| HN Mirror

Y	Hacker News new \| ask \| show \| jobs

by psykotic 1247 days ago

Let's go to primary sources: https://developer.arm.com/documentation/ddi0487/latest

The author is right. ARMv8 supports relaxed memory ordering but its memory model does not support acquire-release ordering without sequential consistency. (Update: Support for weaker acquire-release ordering was added in a later revision.)

I'll quote a relevant excerpt from B2.3.11:

    Where a Load-Acquire appears in program order after a Store-Release, the memory access generated by the Store-Release instruction is Observed-by each PE to the extent that PE is required to observe the access coherently, before the memory access generated by the Load-Acquire instruction is Observed-by that PE, to the extent that the PE is required to observe the access coherently.

Sequential consistency is needed to avoid store/load reordering in cases like this:

    // Thread 1
    flag1.store(1, SeqCst)
    if flag2.load(SeqCst) == 0 {
        // Guarded action
    }

    // Thread 2
    flag2.store(1, SeqCst)
    if flag1.load(SeqCst) == 0 {
        // Guarded action
    }

If these were instead implemented with acquire/release ordering as defined by the C++ or Rust memory model, the resulting happens-before constraints would not prevent both threads from executing their guarded actions.

The excerpt from the Architecture Reference Manual says that if you use their load-acquire (ldar) and store-release (stlr) instructions, it is not possible for the store-release to be moved after the load-acquire, as observed by PEs (processing elements, their abstraction of hardware threads).

Let's look at how C++ compilers implement acquire-release vs sequential consistency on x86 and ARMv8:

https://godbolt.org/z/3fd5jse18

The machine code on ARMv8 is identical for thread_acq_rel and thread_seq_cst.
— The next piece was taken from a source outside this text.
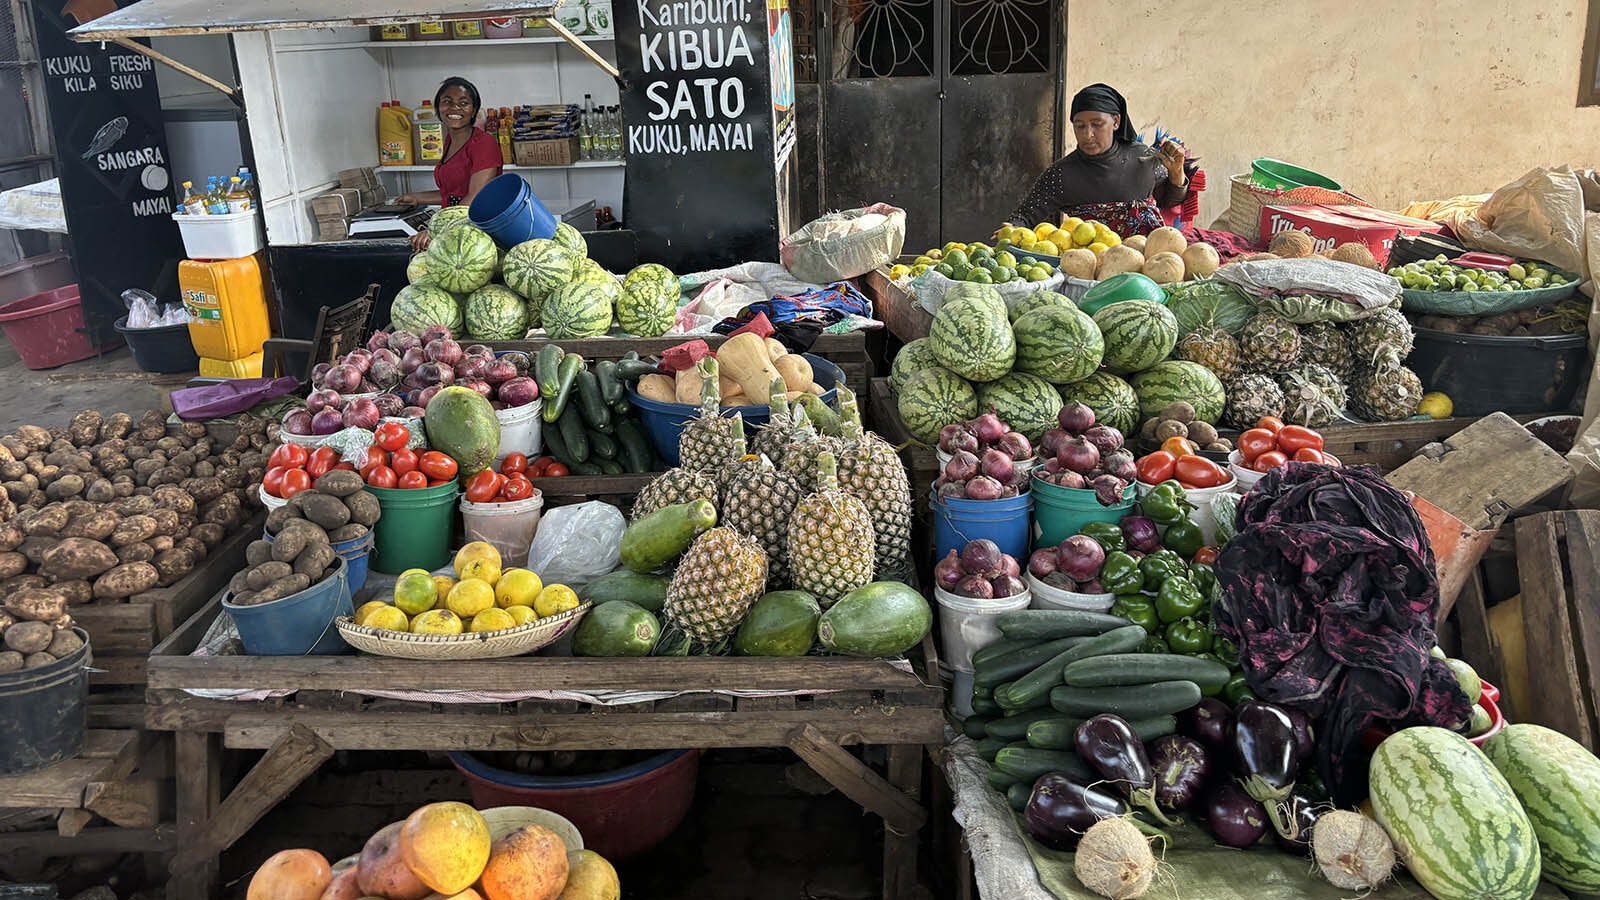 A market in Tanzania.
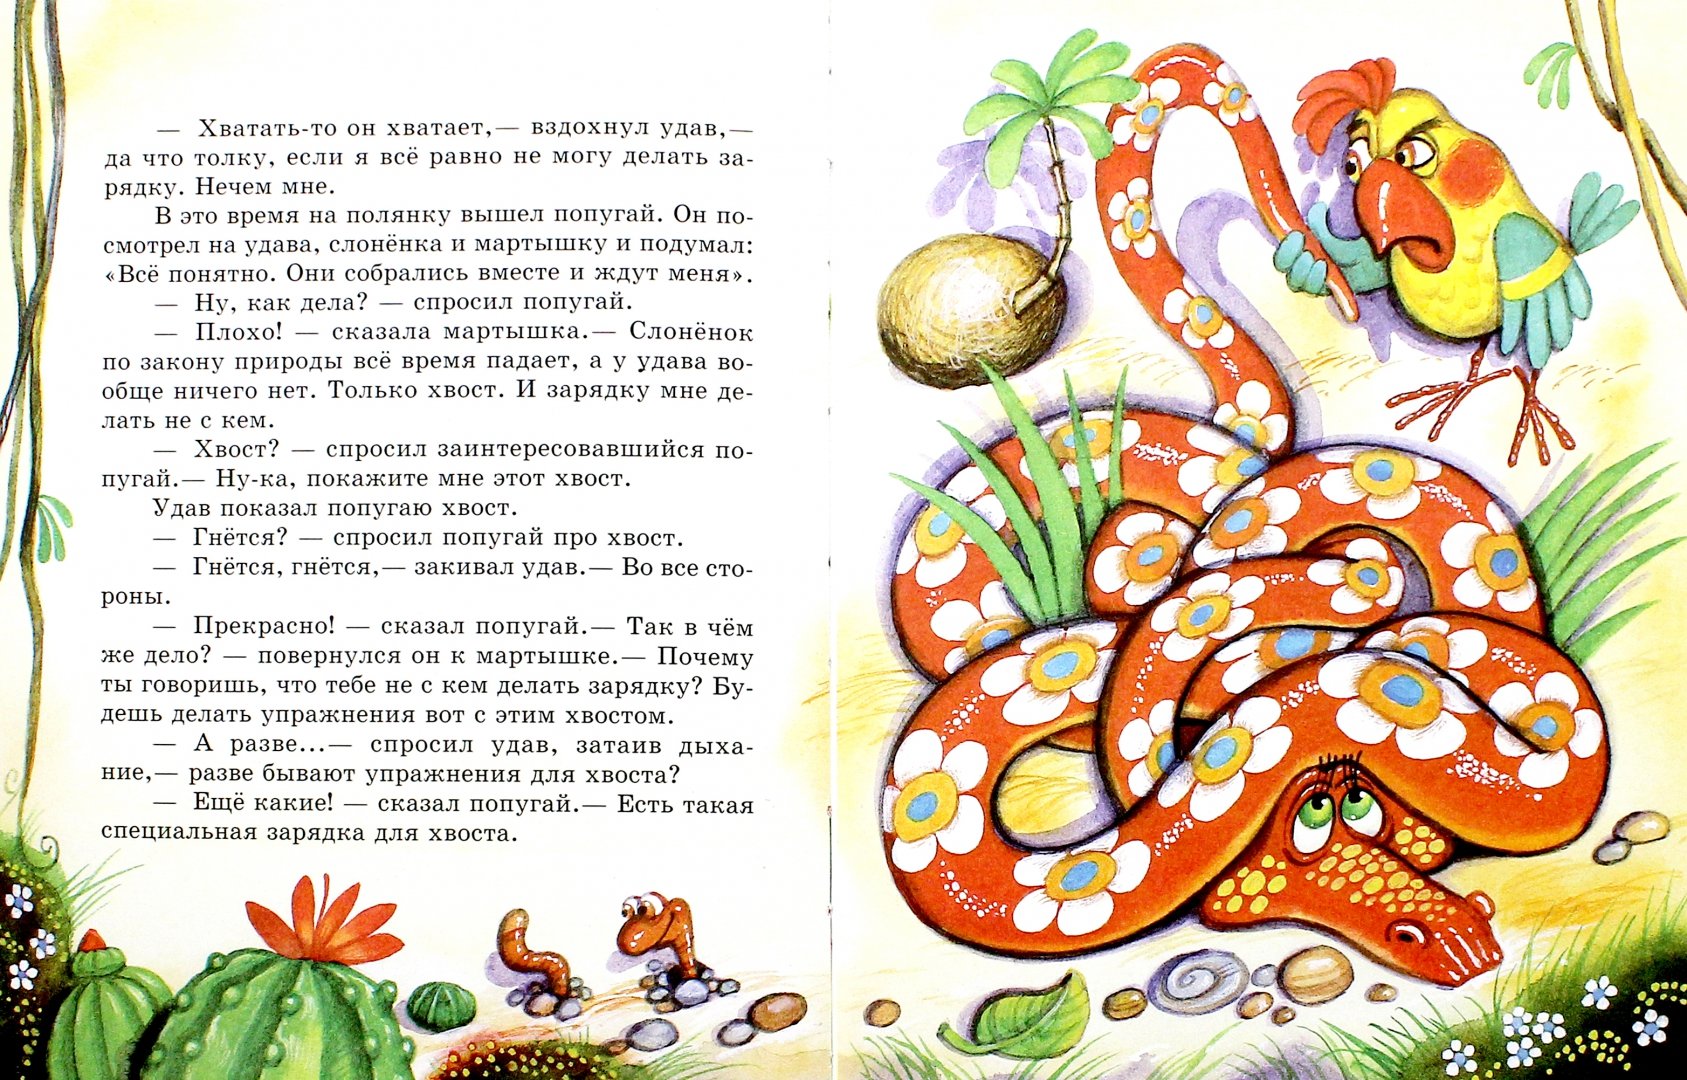 Иллюстрация 5 из 6 для Библиотечка лучших сказок для детей - Успенский, Остер, Коваль | Лабиринт - книги. Источник: Лабиринт

Whereas on x86 the thread_seq_cst code has to use xchg (an alternative to store + mfence) to achieve sequential consistency.

Update: shachaf pointed out that ARMv8 more recently added support for weaker acquire-release semantics in the ARMv8.3 revision. It looks like the first processor to ship with ARMv8.3 support was the A12X from Apple in 2018, which is 5 years after Herb's talk. If we take the code from before and compile for ARMv8 with all architectural features enabled, you will see different machine code for thread_acq_rel which uses the newer ldaprb instruction:

https://godbolt.org/z/dnP9sebcz

This illustrates a difficulty with talking about "ARMv8" as a fixed thing. It's much more of a rapidly moving target than x86. That said, the ARMv8.3 addendum should have been mentioned, at least parenthetically; I emailed the author suggesting an info box.